» EXERCISE DESCRIPTION:
Nothing but the text of the listing, repeated exactly, belongs in the answer; leave the images out.

» SUPPLIED MATERIAL:

- - -

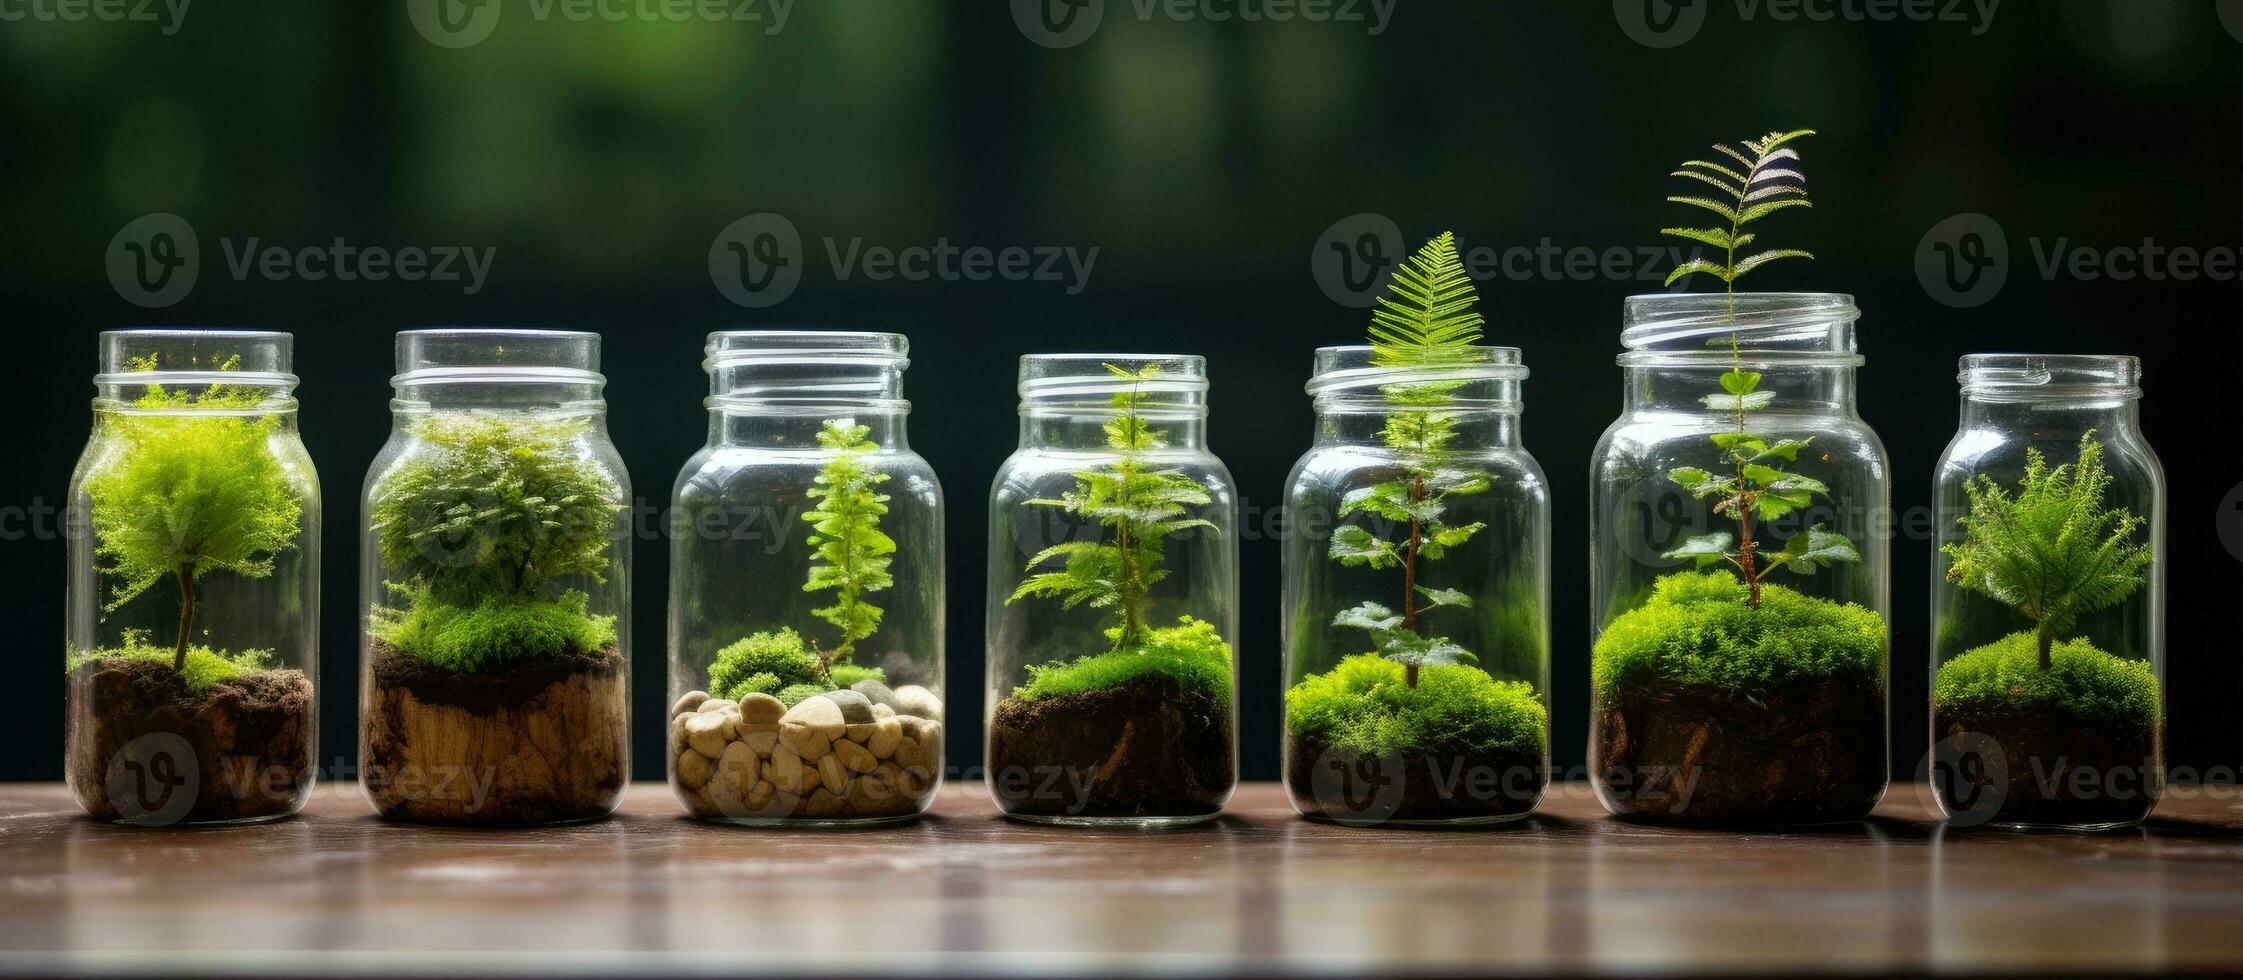 terrarium potten met miniatuur Woud ecosystemen bevorderen aarde behoud bonsai en terrarium sets foto
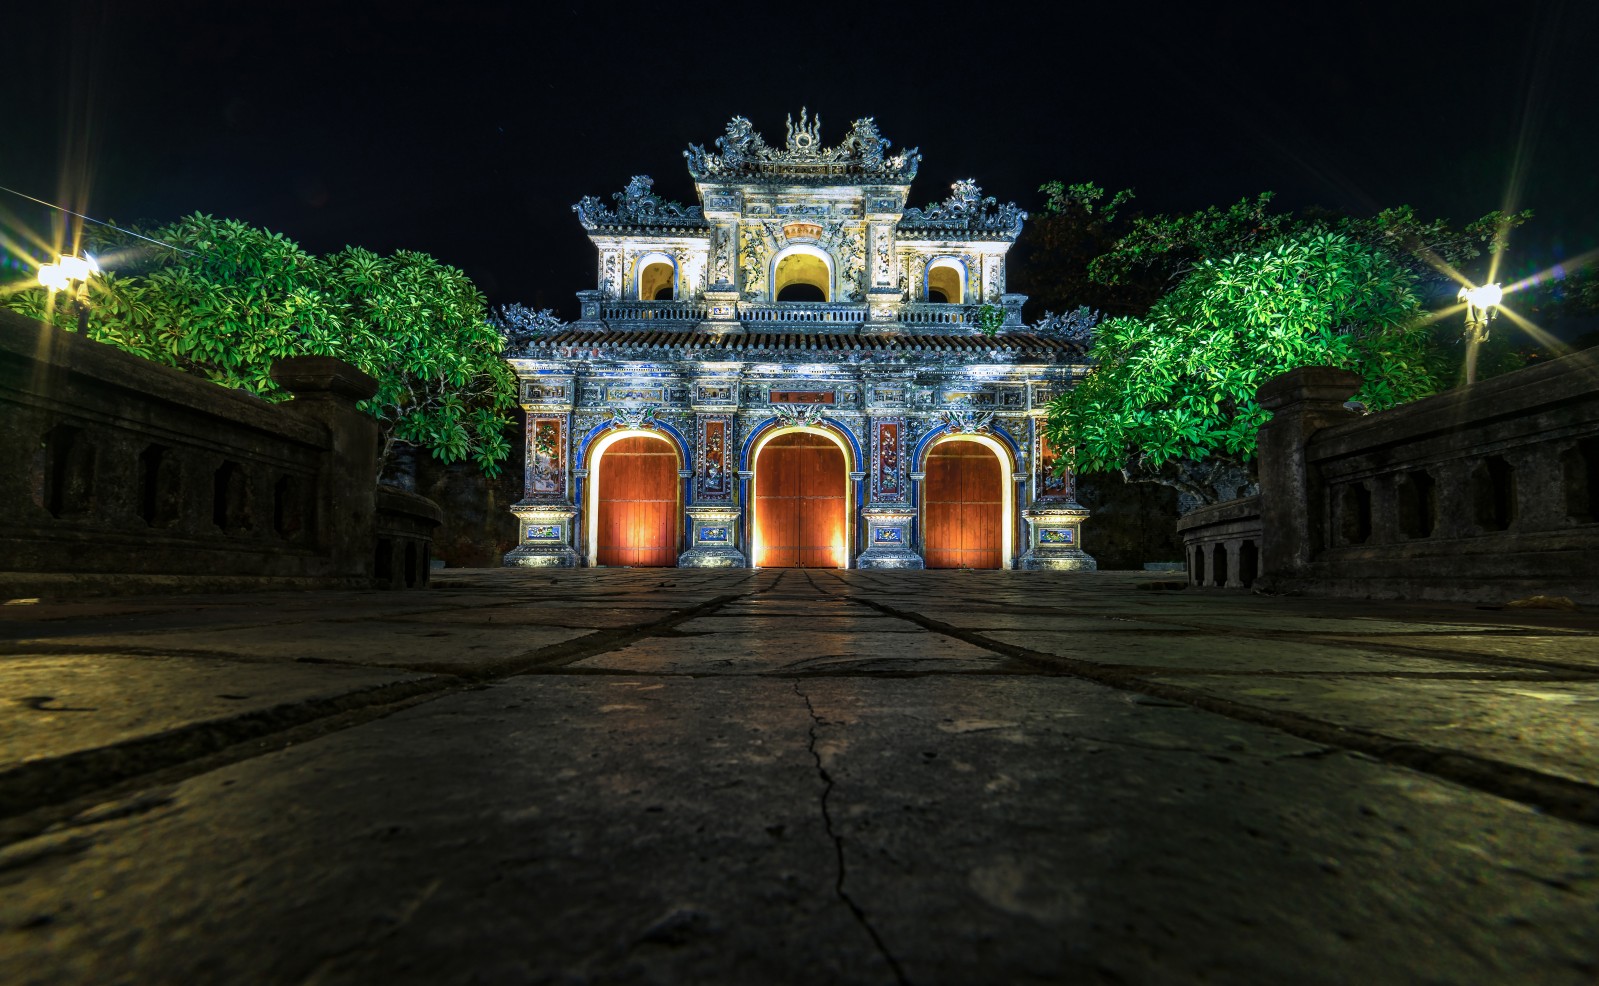 Cánh cổng hòa bình vào ban đêm lối ra của khách du lịch khi tham quan đại nội.​
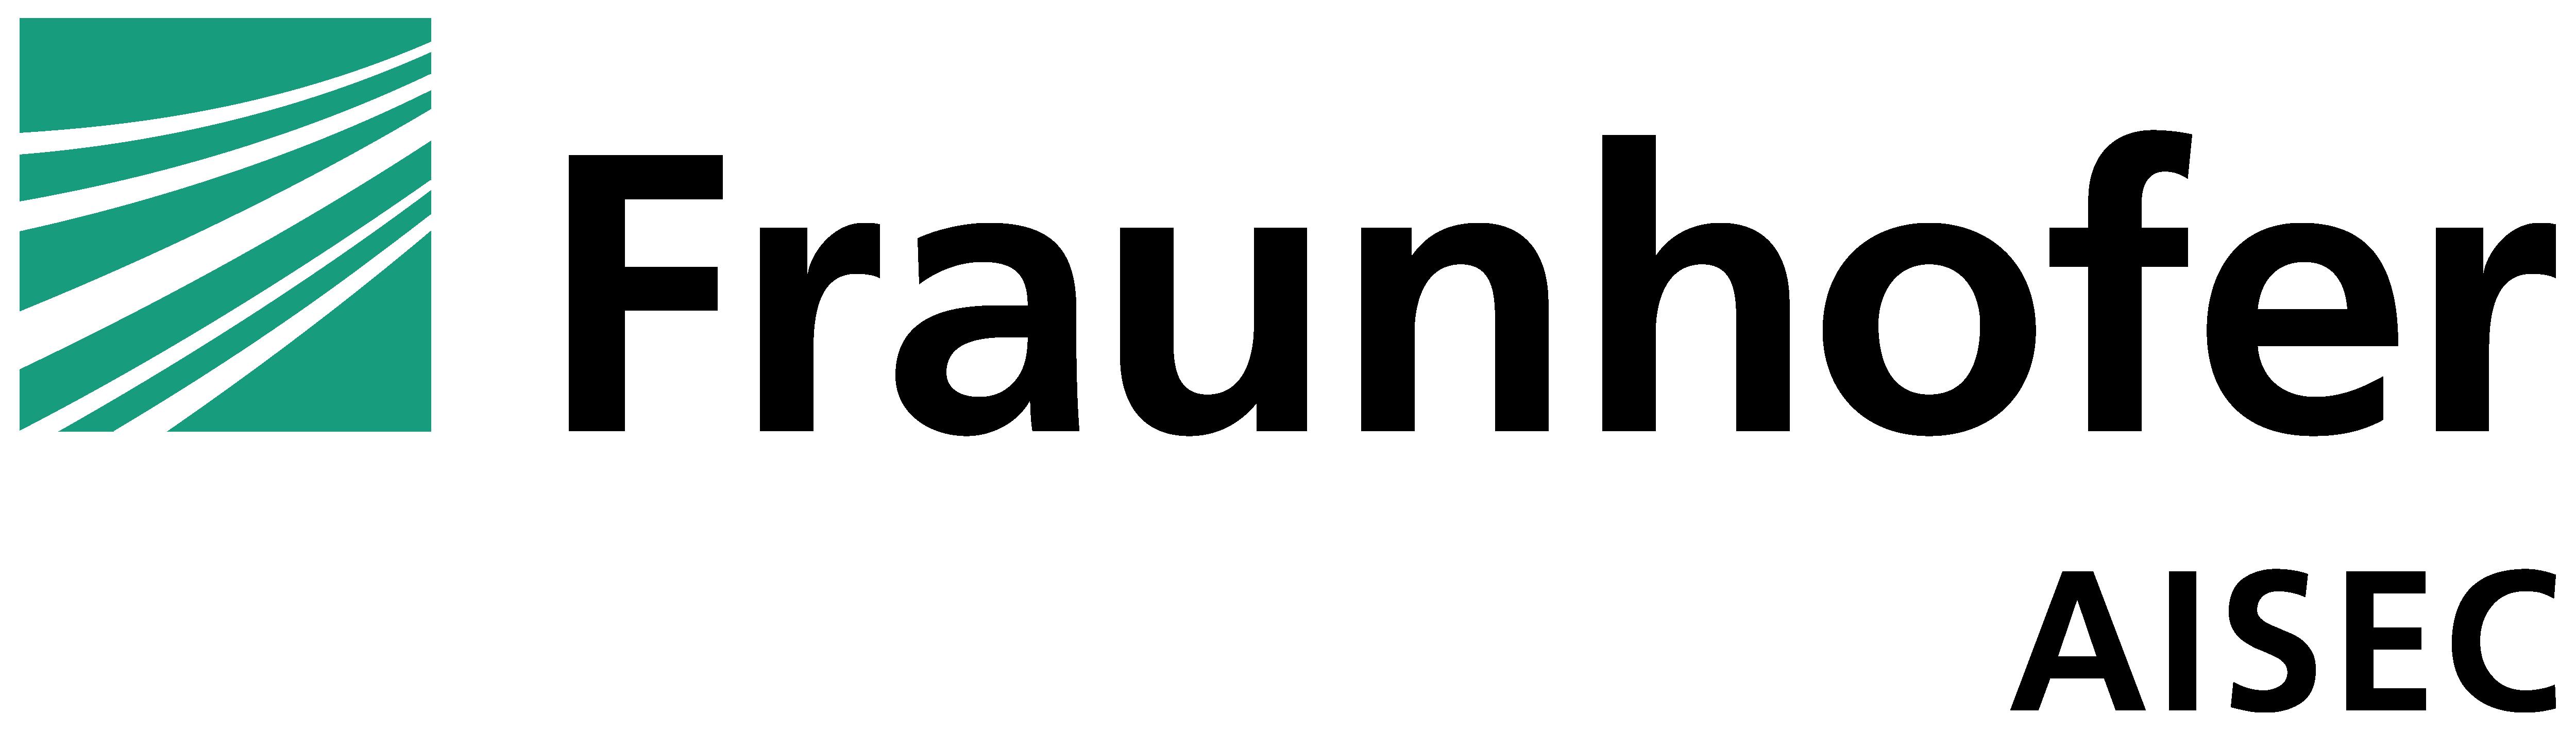 Fraunhofer AISEC Logo

- - -

» SOLUTION TO THE PROBLEM:
 terrarium potten met miniatuur Woud ecosystemen bevorderen aarde behoud bonsai en terrarium sets foto
 Cánh cổng hòa bình vào ban đêm lối ra của khách du lịch khi tham quan đại nội.​
 Fraunhofer AISEC Logo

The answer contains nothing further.